Dictate started as a simple question: what if editing a document felt like talking to a smart assistant?
The core idea
Most AI writing tools work by generating text from a blank page. We wanted something different — a tool that helps you refine what you’ve already written, using your voice as the primary input.
The workflow is simple:
- You speak — the editor transcribes your voice continuously
- If you say a command (“make this shorter”, “add a paragraph about X”), the AI recognizes it
- The AI edits the relevant part of your document and shows you exactly what changed
Technical choices
We built Dictate on three main technologies:
Web Speech API — available in Chrome and Edge, handles continuous speech recognition without any external service. No audio is sent to our servers.

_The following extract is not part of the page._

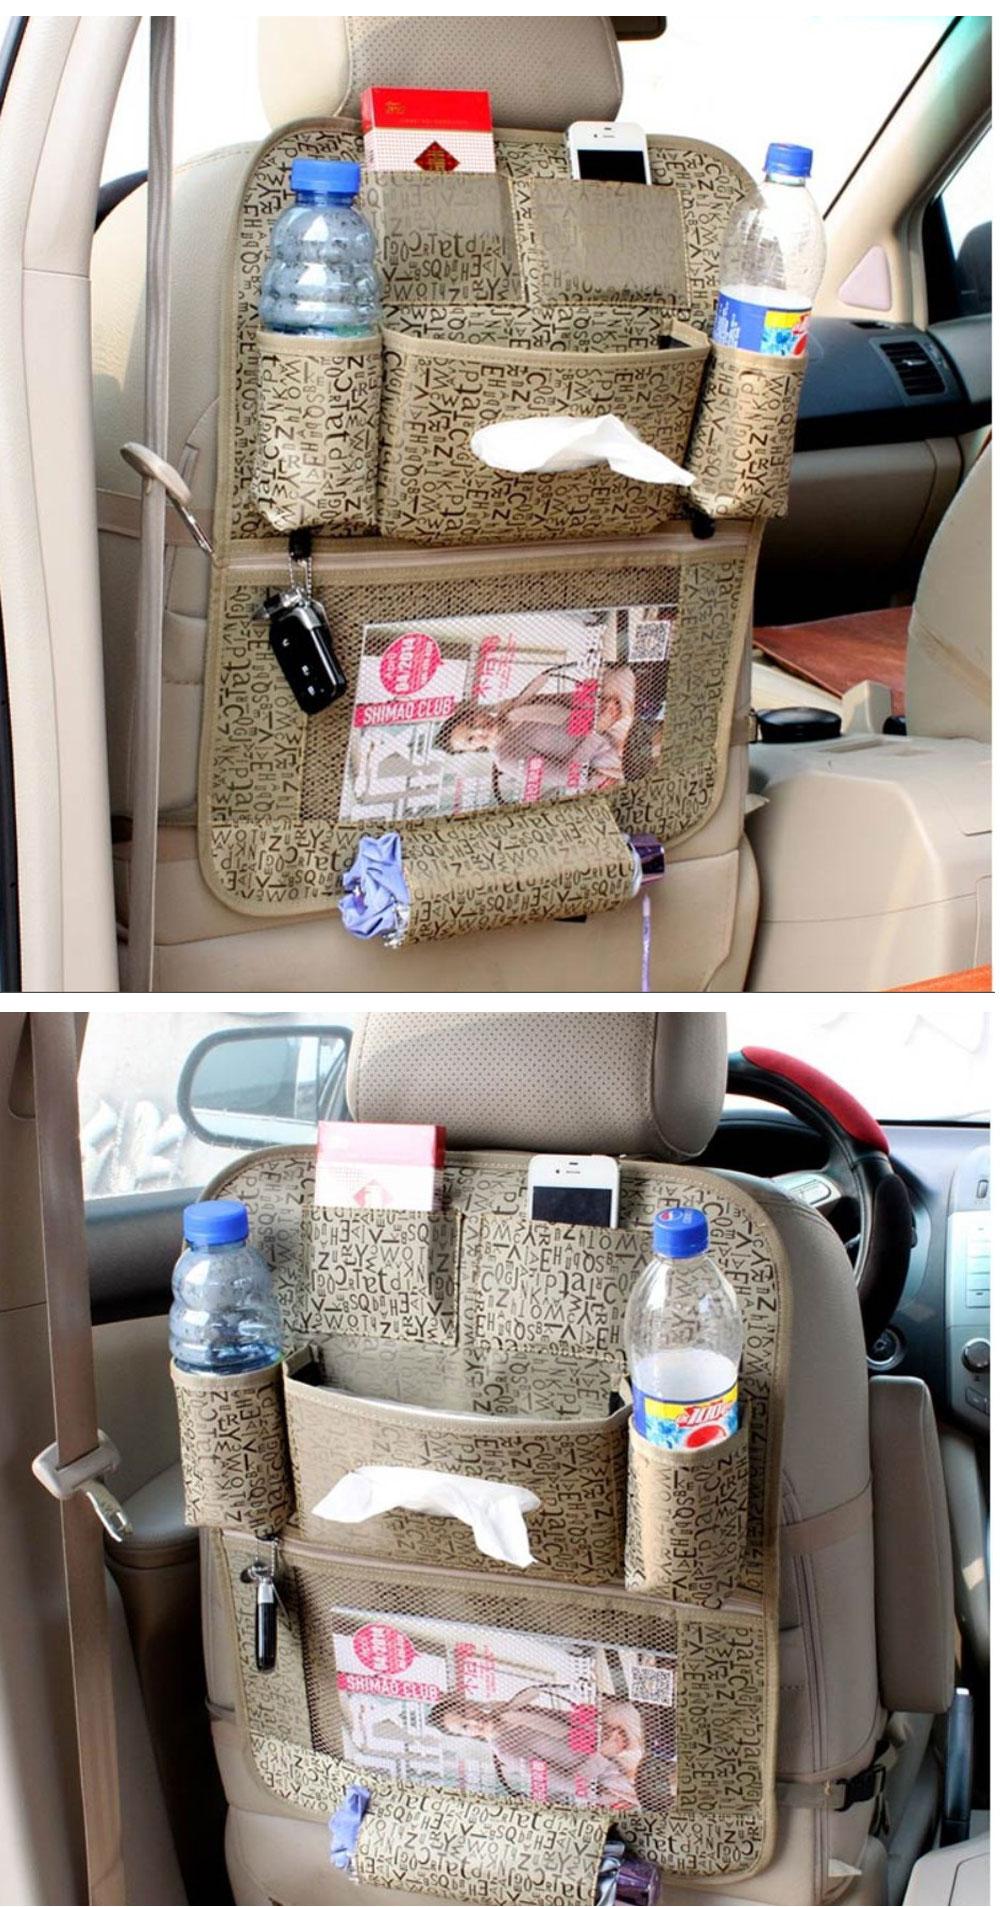 Car Organizer waterproof Car seat covers protector mat Car Storage Bags Seat Back Protector Case Cover Multi-Purpose 2

OpenRouter — a unified API for LLMs. We use it to route editing commands to the best available model. Currently defaulting to Gemini Flash for speed and cost.
Unified.js — the markdown parsing ecosystem. Documents are stored as a list of “entities” (paragraphs, headings, lists) which makes it easy to edit individual blocks without disrupting the rest.
The entity model
The key architectural insight was treating the document as a list of independent blocks rather than a single text string. Each block has an ID, a type (heading, paragraph, list), and content.
When the AI edits a block, it returns a new version of just that block. The rest of the document stays intact. This makes edits fast, predictable, and easy to undo.
What’s next
We’re working on:
- Multi-language voice support (already partially working)
- Better undo/redo with visual diff
- Export to more formats
Dictate is open to try — no account required, just bring an OpenRouter API key.